Noll v. Shelter Insurance Companies

731 S.W.2d 393 | Mo. Ct. App. | 1987

STEPHAN, Judge.

Plaintiff Ervin Noll, having suffered serious bodily injury in a single-car accident, successfully sued Scott Stark, the car’s driver, for damages. Safeco Insurance Company paid plaintiff $25,000.00 of the $250,000.00 judgment on behalf of Nancy Percival, the car’s owner. Plaintiff seeks the remaining $225,000.00 from defendant Shelter Insurance under the provisions of two automobile insurance policies Shelter issued to Scott Stark’s father, Leonard Stark. The trial court has determined Shelter is not liable to plaintiff under the policies. Plaintiff appeals. We reverse.1

Because Shelter’s insured, Leonard Stark, did not own the car involved in this accident, Shelter’s liability to plaintiff, if any, is delineated by the following lan*395guage, which appears in both of Stark’s policies:

4. Persons Insured — With respect to the insurance afforded [for bodily injury], the following are insureds: ...
... (b) With respect to a non-owned automobile, (1) the named insured and, if an individual, his spouse, provided his or her actual operation or (if he or she is not operating) the other actual use thereof by the named insured or his spouse is with the permission, or reasonably believed to be with the permission, of the owner of such automobile and is within the scope of such permission, and (2) any other person or organization not owning or hiring the automobile, but only with respect to his or its liability because of acts or omissions of the named insured or his spouse under (b)(1) above.

Plaintiff asserts Scott Stark was an insured operator of a non-owned automobile within the meaning of this paragraph. Shelter asserts he is not, arguing that only the named insured, his spouse, and any other person vicariously liable for the named insured’s or his spouse’s tortious operation or use of a non-owned vehicle are afforded coverage.

Because an insurance policy is designed to furnish protection, it should be construed so as to accomplish that object, not defeat it. Meyer Jewelry Co. v. General Insurance Co. of America, 422 S.W.2d 617, 623 (Mo.1968). Therefore, if a policy’s provisions lend themselves to alternative interpretations, we will adopt the interpretation that affords greater coverage. To the extent that the above-quoted policy language is ambiguous we construe it most strongly against the insurer and accord to it its broadest reasonable interpretation. Id.

Subsection (b)(1) of paragraph 4 provides Leonard Stark and his spouse liability coverage when they “operate” or “use” a car they do not own, so long as they operate it or use it with the owner’s permission, and within the scope of that permission. “Use”, as it appears in this subsection, is broad enough to embrace a situation where the named insured or his spouse permits another family member to drive a non-owned vehicle.
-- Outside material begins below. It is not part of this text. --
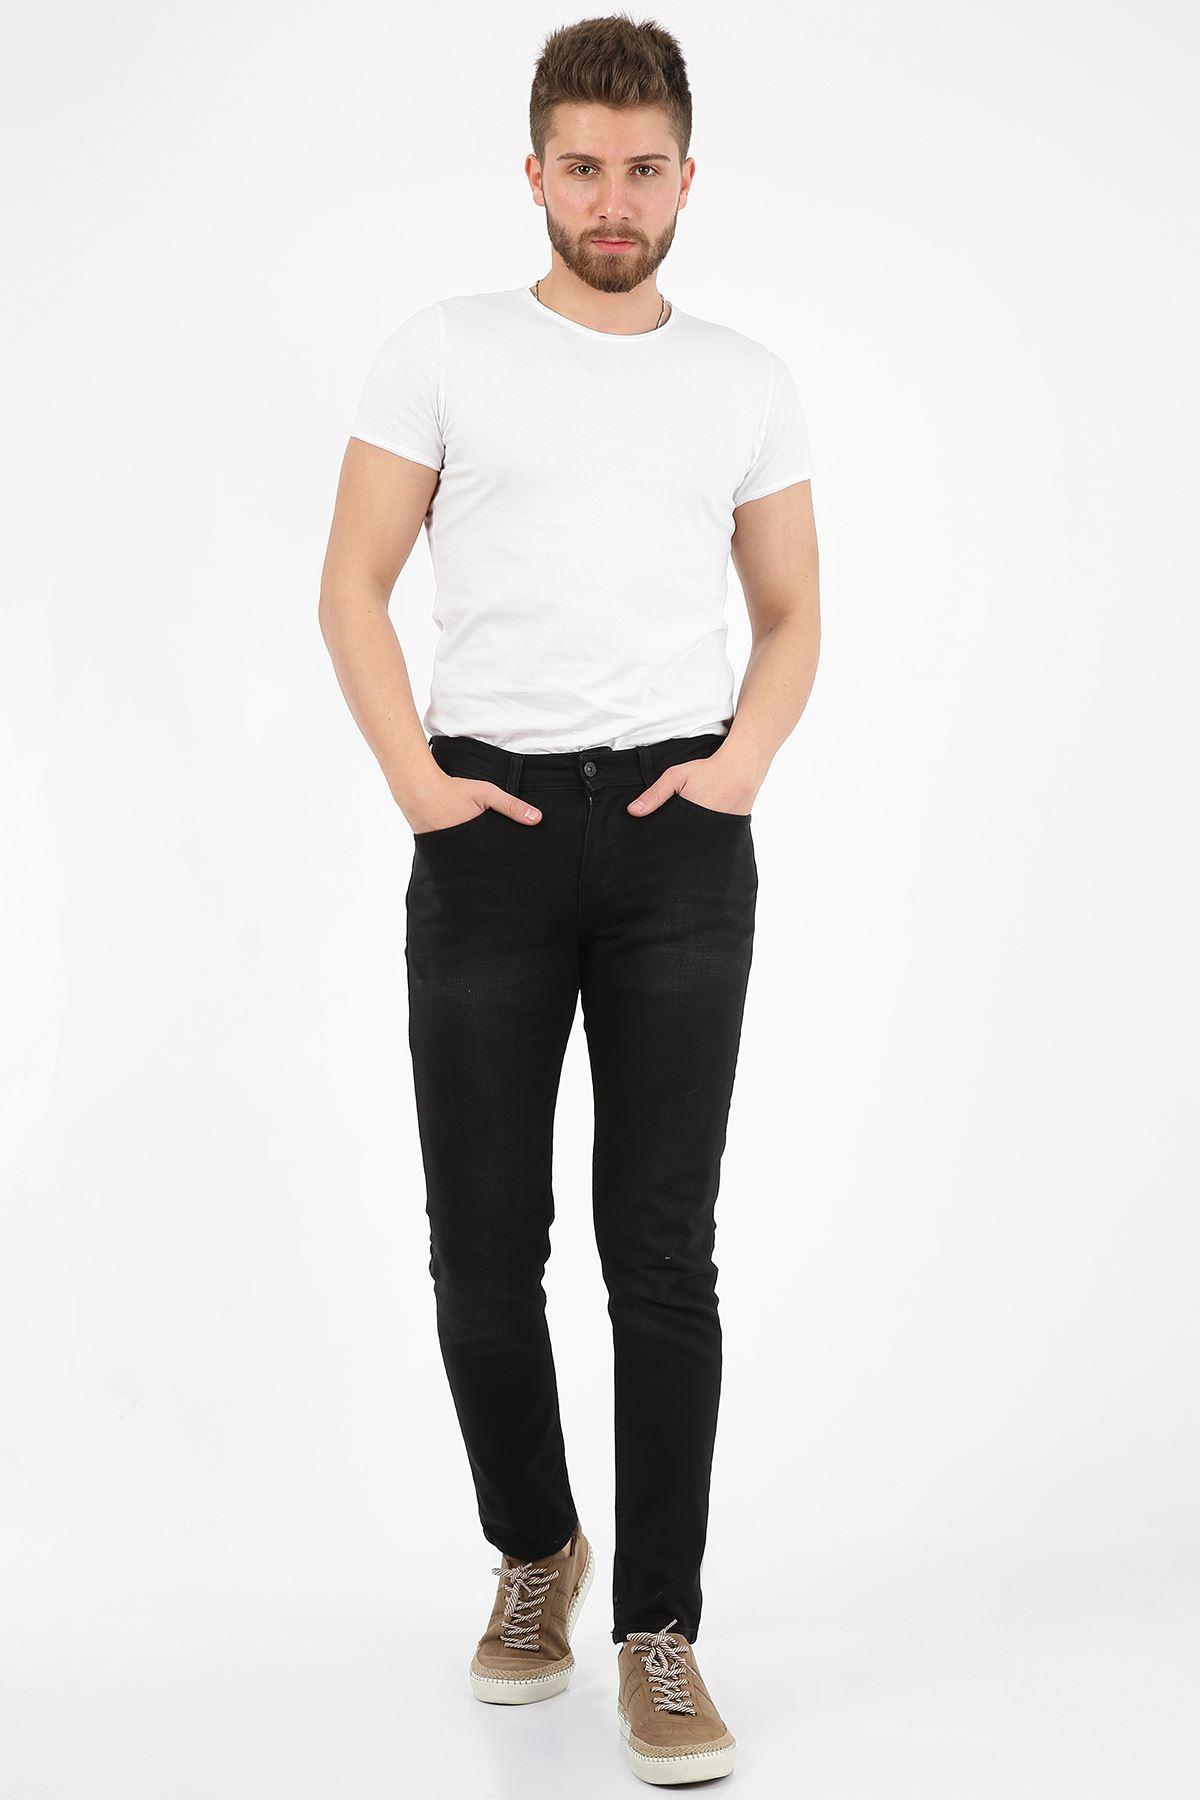 Siyah Yumuşak Doku Slim Fit Fermuarlı Erkek Jeans Pantolon-JONAS

See Royal Indemnity Co. v. Shull, 665 S.W.2d 345, 347 (Mo. banc 1984). It is undisputed that Nancy Percival lent her car to Leonard Stark so that members of his family could drive it while he was away with the family car. Thus, whenever a member of the Stark family drove the Percival car, Leonard Stark “used” it, within the meaning of subsection (b)(1). Consequently, if the family member’s driving was negligent, so was Leonard Stark’s use.

Because Scott Stark’s negligent operation of the Percival car may be considered a negligent “use” by Leonard Stark under subsection (b)(1), we believe Scott Stark may, within the meaning of subsection (b)(2), be considered a “person” whose liability to plaintiff arose “because of acts or omissions of the named insured or his spouse under (b)(1)”. As such, he is an insured operator under both of Leonard Stark’s policies.

The judgment is reversed.

GARY M. GAERTNER, P.J., and SIMON, J., concur.

. Plaintiff also sued Alvin Donze, the agent who sold Leonard Stark the policies in question. The trial court entered judgment for Donze. Plaintiff does not challenge this aspect of the decision. The judgment for Alvin Donze accordingly is affirmed.